12 eylül'ün teslim alamadığı kale
Gültepe'nin kimliğini anlamak için onun asi ve politik geçmişine bakmak kaçınılmazdır. 12 Eylül 1980 darbesi öncesinde semt, sol düşüncenin ve örgütlenmenin en güçlü olduğu kalelerden biriydi; öyle ki, o dönemde bir "kurtarılmış bölge" olarak anılıyordu. Bu politik kimliğin simge ismi ise, semt o zamanlar ayrı bir belediyeyken görev yapan efsanevi solcu belediye başkanı Aydın Erten'di. Erten, Gültepelilerin gönlünde bir halk kahramanı olarak yer etmiş, semtin altyapı ve sosyal sorunlarına halkla birlikte çözümler üretmeye çalışmıştır. Ancak 12 Eylül darbesi, Gültepe için bir milat oldu. Darbe yönetimi, semtin bu politik gücünü kırmak amacıyla Gültepe Belediyesi'ni lağvetti ve onu mahallelere bölerek Konak Belediyesi'ne bağladı. Bu hamle, birçok Gültepeli tarafından devletin semtten aldığı bir "rövanş" olarak yorumlandı. Bu rövanşın en somut ve sembolik adımı ise, darbeden sonra semte yapılan yeni liseye darbenin lideri Kenan Evren'in adının verilmesiydi. Bu durum, semt halkının hafızasında derin bir yara açtı. Yıllar sonra okulun adının Dokuz Eylül Anadolu Lisesi olarak değiştirilmesi ise, geç de olsa gelen bir onarım çabası olarak görülebilir. Darbenin izleri sadece idari yapıda değil, semtin sokak lambalarında bile görülebilir; 1981 tarihli, madeni paralardaki Atatürk siluetini içeren o meşhur 12 Eylül grafiği, uzun yıllar boyunca bu direklerde asılı kalmıştır.

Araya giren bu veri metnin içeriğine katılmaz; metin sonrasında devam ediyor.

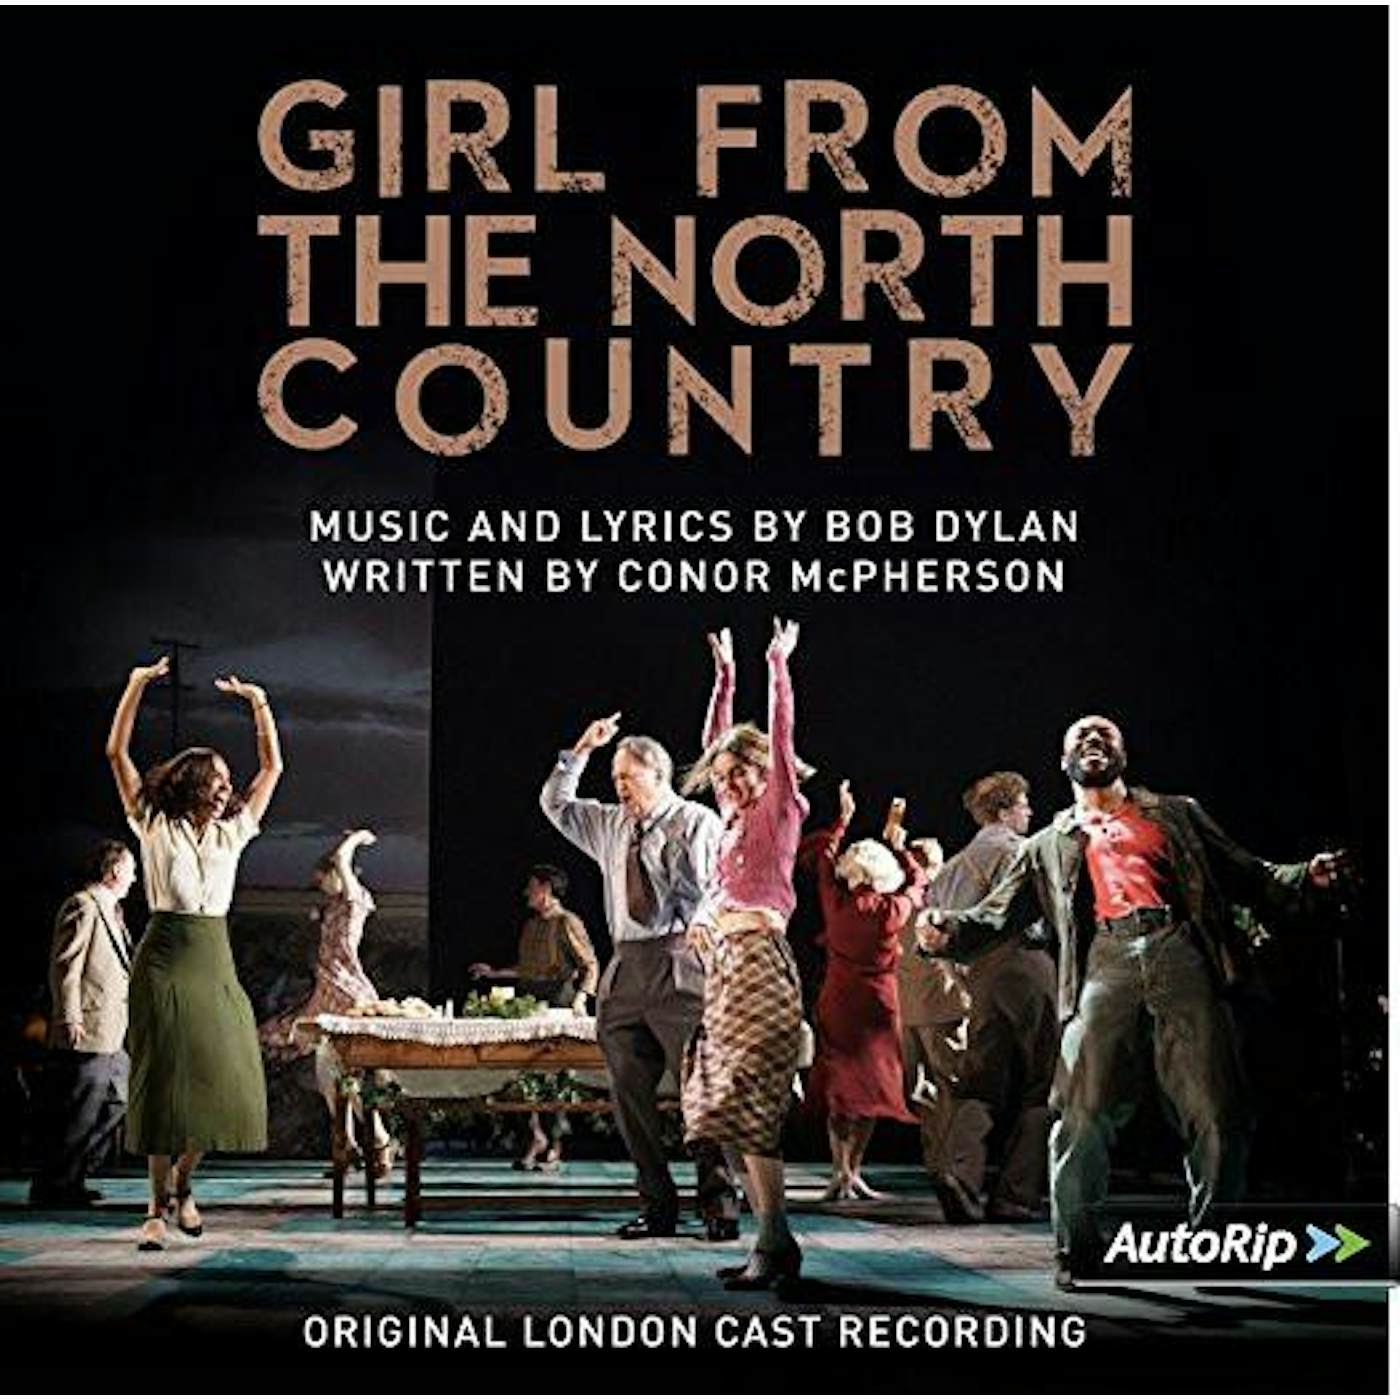 GIRL FROM THE NORTH COUNTRY (ORIGINAL LONDON CAST ) Vinyl Record

Körfez manzaralı yoksulluk ve değişmeyen hayatlar
Gültepe'nin en büyük çelişkisi, coğrafyasında gizlidir. Semtin hemen hemen her evi, İzmir Körfezi'nin büyüleyici manzarasına hakimdir. Ancak bu estetik zenginlik, derin bir yoksulluk ve ihmal edilmişlikle bir arada yaşanır. Evlerin tamamı imarsız ve plansızdır. Sokaklar o kadar dar ve yokuştur ki, uzun yıllar boyunca belediye çöpleri toplamak için kamyonlar yerine kadrolu eşekleri kullanmak zorunda kalmıştır. Bisiklete binen bir çocuğa ya da rahatça top oynanan bir düzlüğe rastlamak neredeyse imkansızdır. Bu fiziki şartlar, semtin sosyal hayatını da doğrudan etkiler. Hayat, zordur. Genç nüfusun büyük bir kısmı, "sigortam ödensin yeter" mantığıyla, düşük maaşlarla şehrin fabrikalarında veya tütün mağazalarında çalışır. Akşam saatlerinde semtin ana caddelerinden vızır vızır geçen işçi servisleri, bu rutinin en net göstergesidir. Güven duygusunun zayıfladığı, dedikodunun hayati bir iletişim aracına dönüştüğü bir sosyal iklim hakimdir. Zaman, Gültepe'de adeta donmuş gibidir. Dükkanların tabelaları, tezgahları, kepenkleri, hatta üzerlerindeki toz bile yirmi yıldır aynıdır. Bu durağanlık, semt sakinlerinin hayatlarına da sinmiştir.
Aşağıdakilere özenen gençler ve vefa borcu
Ancak bu donmuş zamanın içinde, geleceğe dair bir dinamizm de vardır: gençler. Gültepe'nin gençleri, her zaman "aşağıya", yani İzmir'in modern ve hareketli merkezine özenirler. Onlar için şehir merkezi, ulaşılması gereken bir hayaldir. Delikanlılar, popüler kültürün ikonları gibi ıslak ve yapışık saç modelleriyle, markalı spor ayakkabılarıyla gezerken; genç kızlar en son moda akımlarını takip etmeye çalışır. Ancak bu özenme, semtin muhafazakar ve korunaklı yapısının duvarlarına çarpar. Gençlerin bu kaçma arzusu ile semtin değişmeyen gerçekliği arasındaki gerilim, Gültepe'nin en belirgin sosyal dinamiklerinden biridir. Ulaşım ise bu ayrımı pekiştiren bir başka unsurdur. Yıllarca şehre en eski, koltukları kesilmesin diye stad koltuğu gibi plastikten yapılmış otobüslerin verildiği Gültepe, merkezle arasına konulmuş görünmez bir engeli her gün hissetmiştir. 44 Mersinpınar-Gümrük, 45 Gültepe-Gümrük gibi otobüs hatları, semtin şehre açılan can damarlarıdır. Bütün bu zorluklara, ihmal edilmişliğe ve yoksulluğa rağmen Gültepe, sakinleri için bir "ekmek teknesi", ayakta kalmalarını sağlayan bir sığınaktır. Burası, yıkık ve bıkkın insanların yaşadığı, ama aynı zamanda derin bir vefa ve aidiyet duygusunun da var olduğu, İzmir'in kalbindeki unutulmuş bir memlekettir.